Problem requirements -> Copy the lines below exactly, starting at the one with "Liu Jo Eze Shopping L Nero - Handtasche" and ending at the one with "Wedding guest in", and leave out any picture.

Data provided ->
◇ ◇ ◇ ◇ ◇

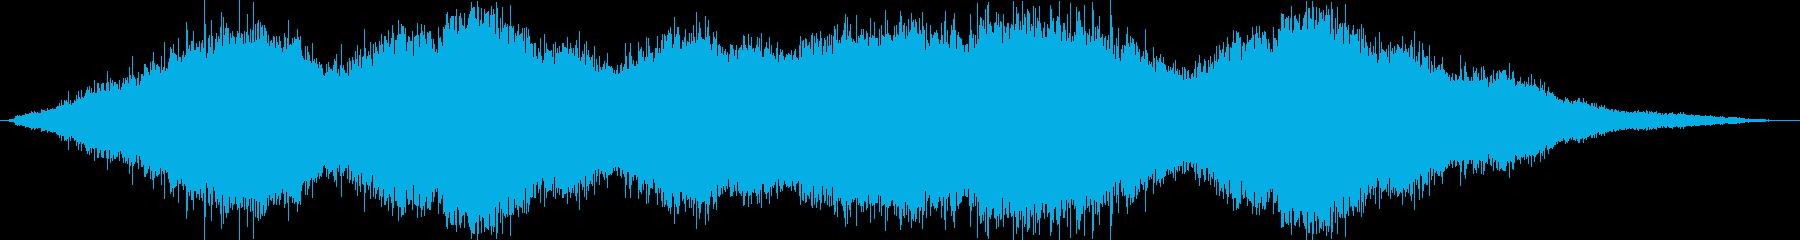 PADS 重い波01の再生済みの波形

◇ ◇ ◇ ◇ ◇

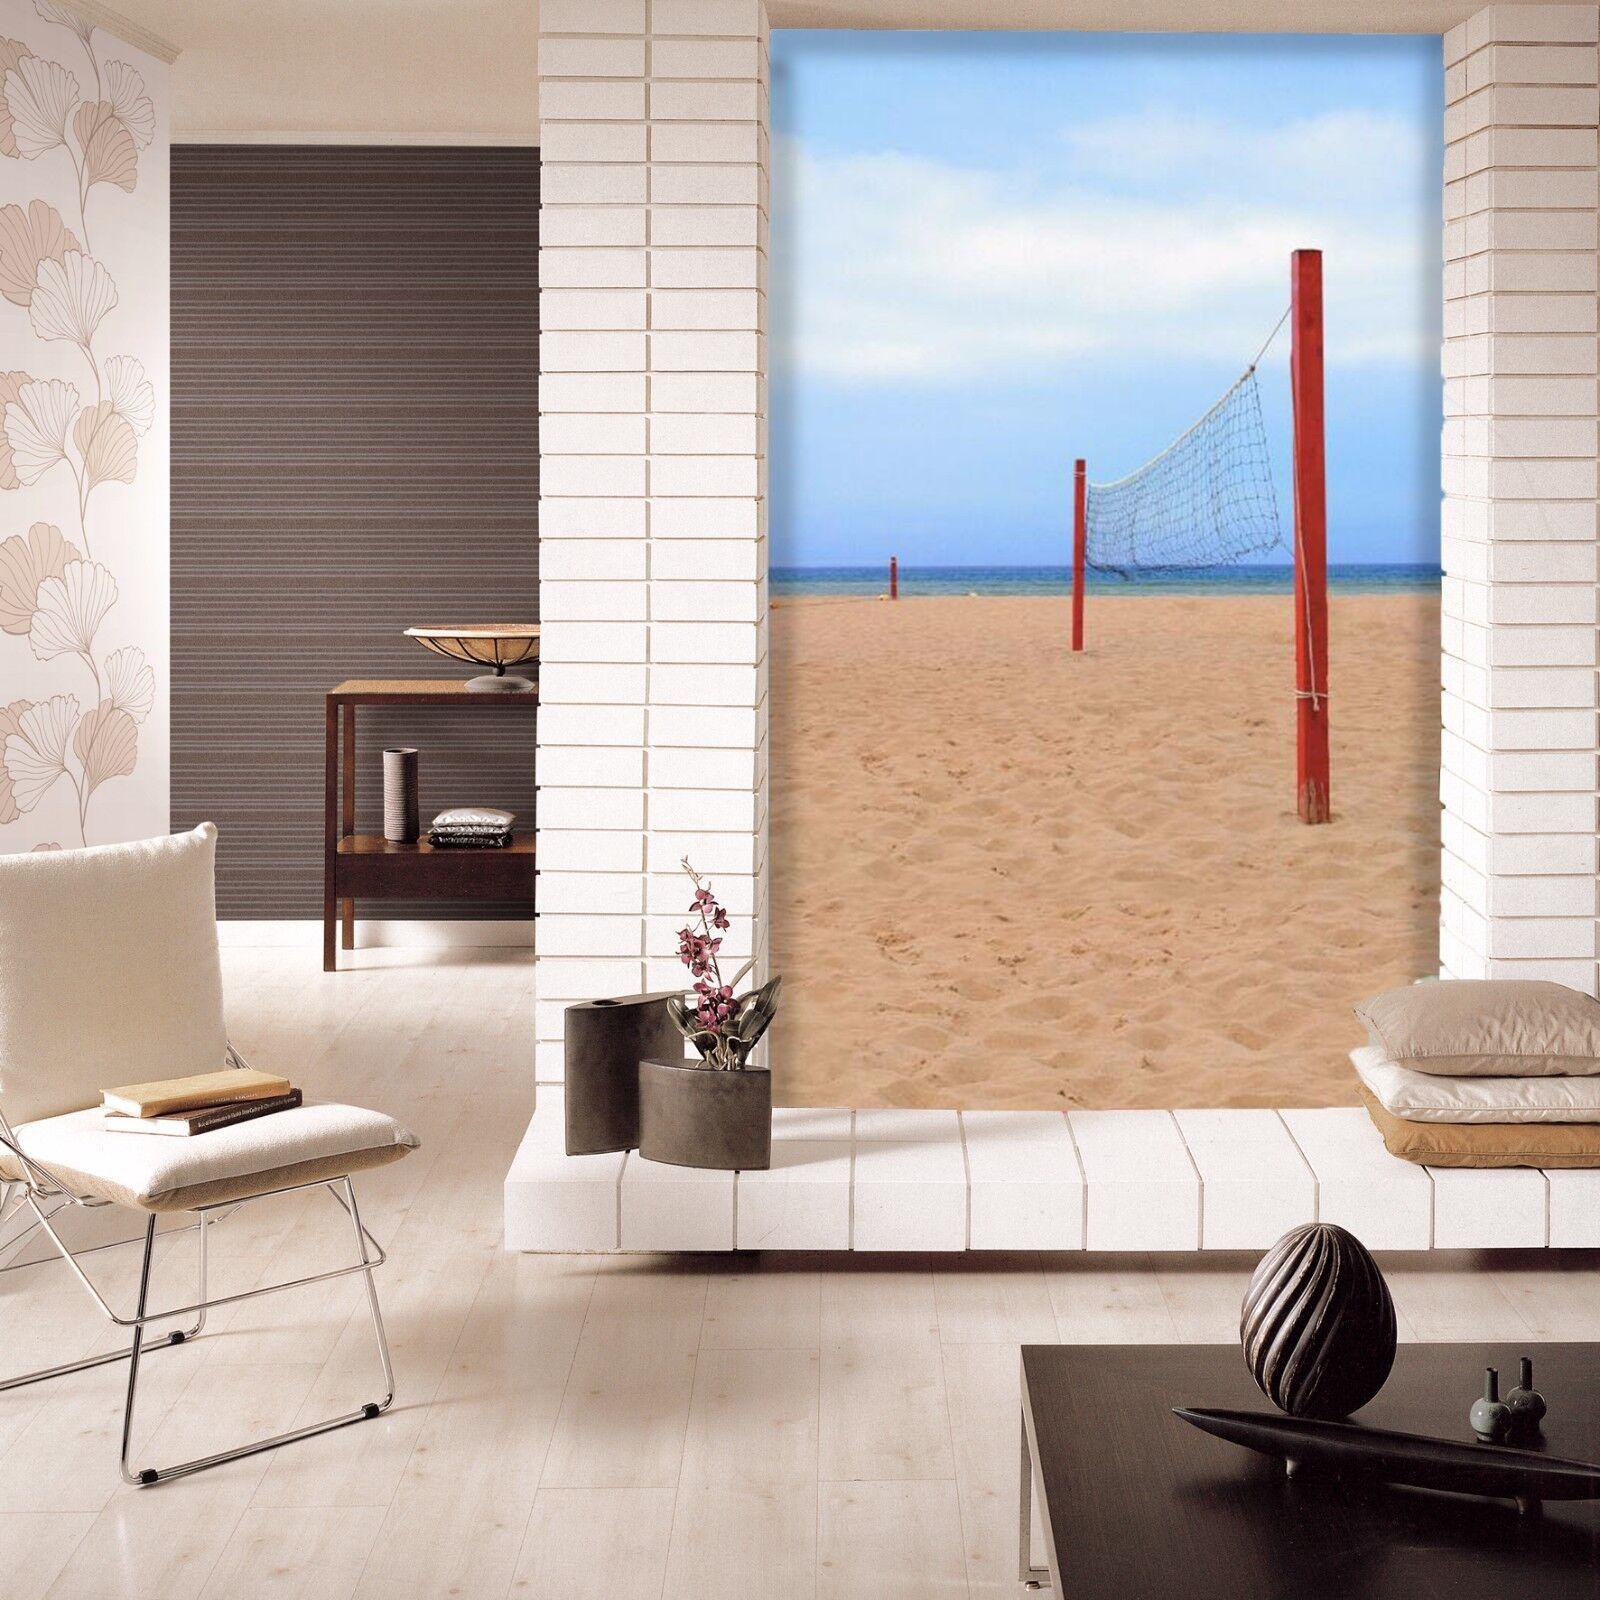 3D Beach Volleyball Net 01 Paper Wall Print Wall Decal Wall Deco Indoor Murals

◇ ◇ ◇ ◇ ◇

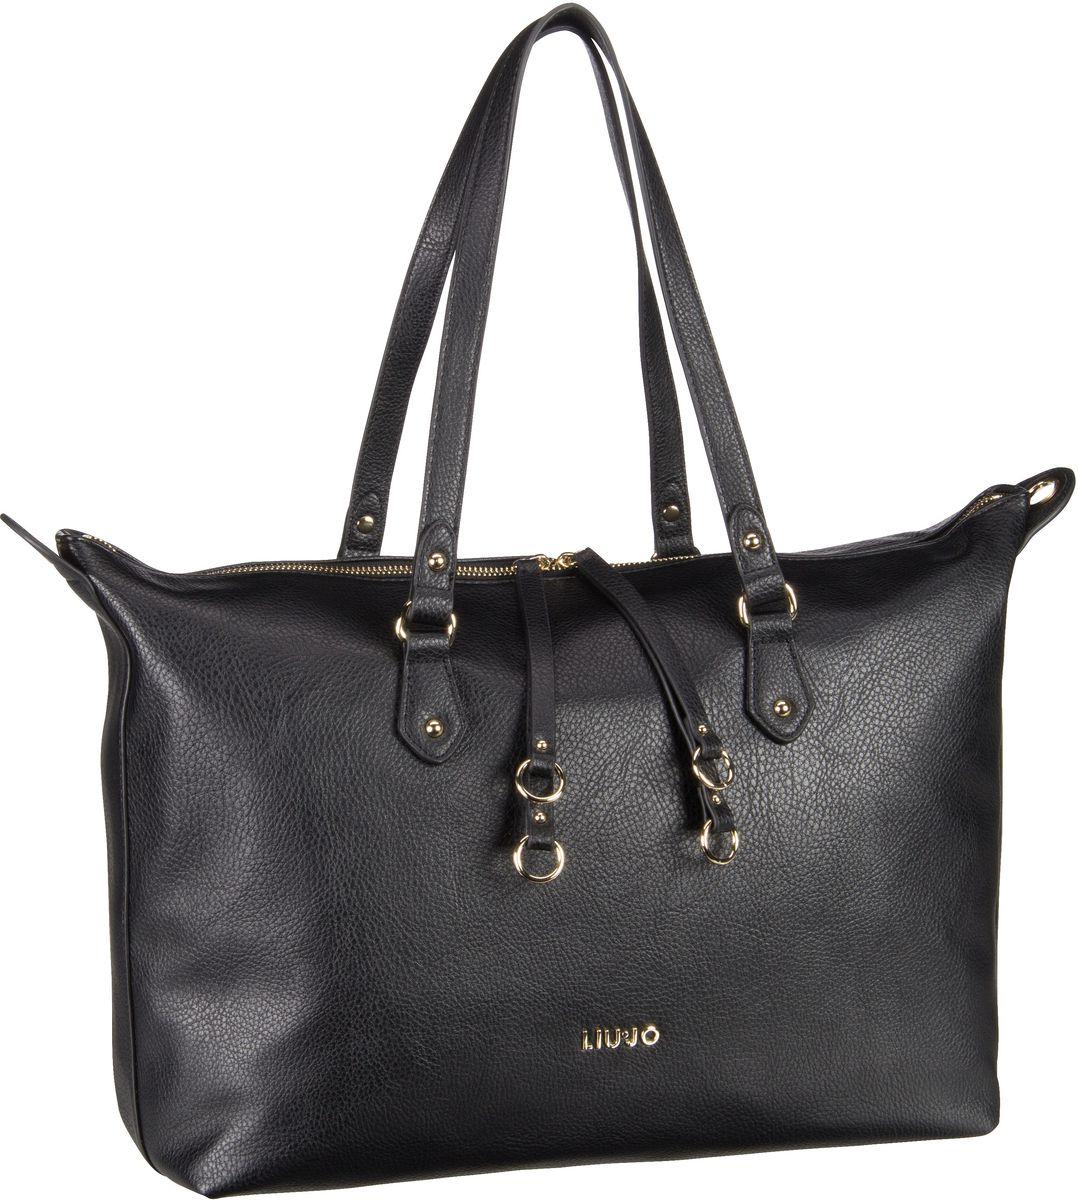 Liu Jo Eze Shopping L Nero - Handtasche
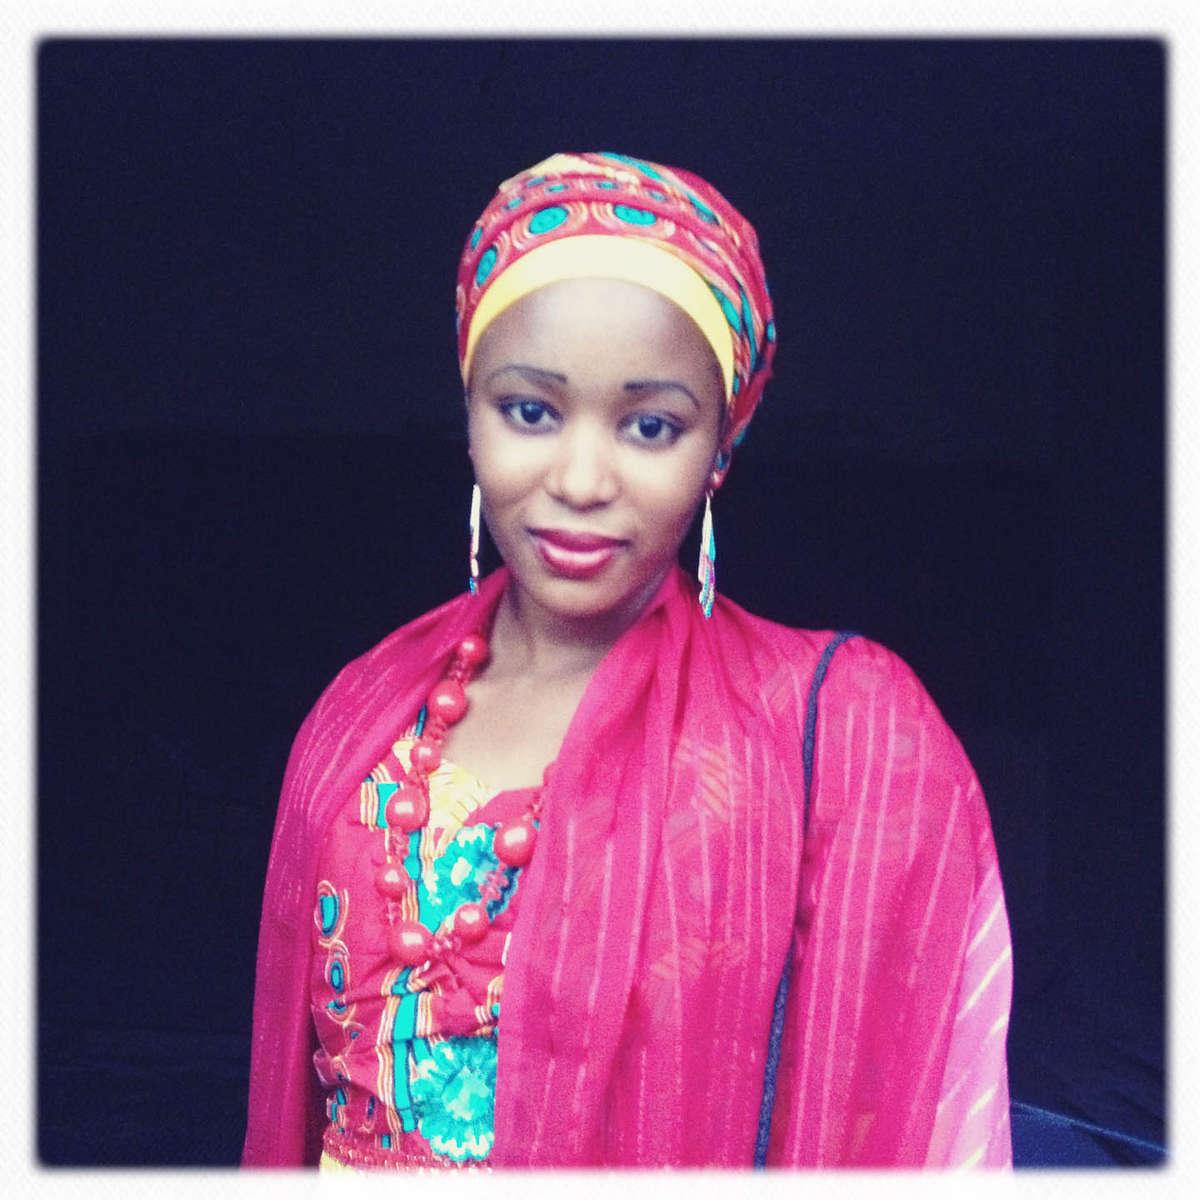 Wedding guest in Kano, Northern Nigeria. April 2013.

◇ ◇ ◇ ◇ ◇

Result ->
 Liu Jo Eze Shopping L Nero - Handtasche
 Wedding guest in Kano, Northern Nigeria. April 2013.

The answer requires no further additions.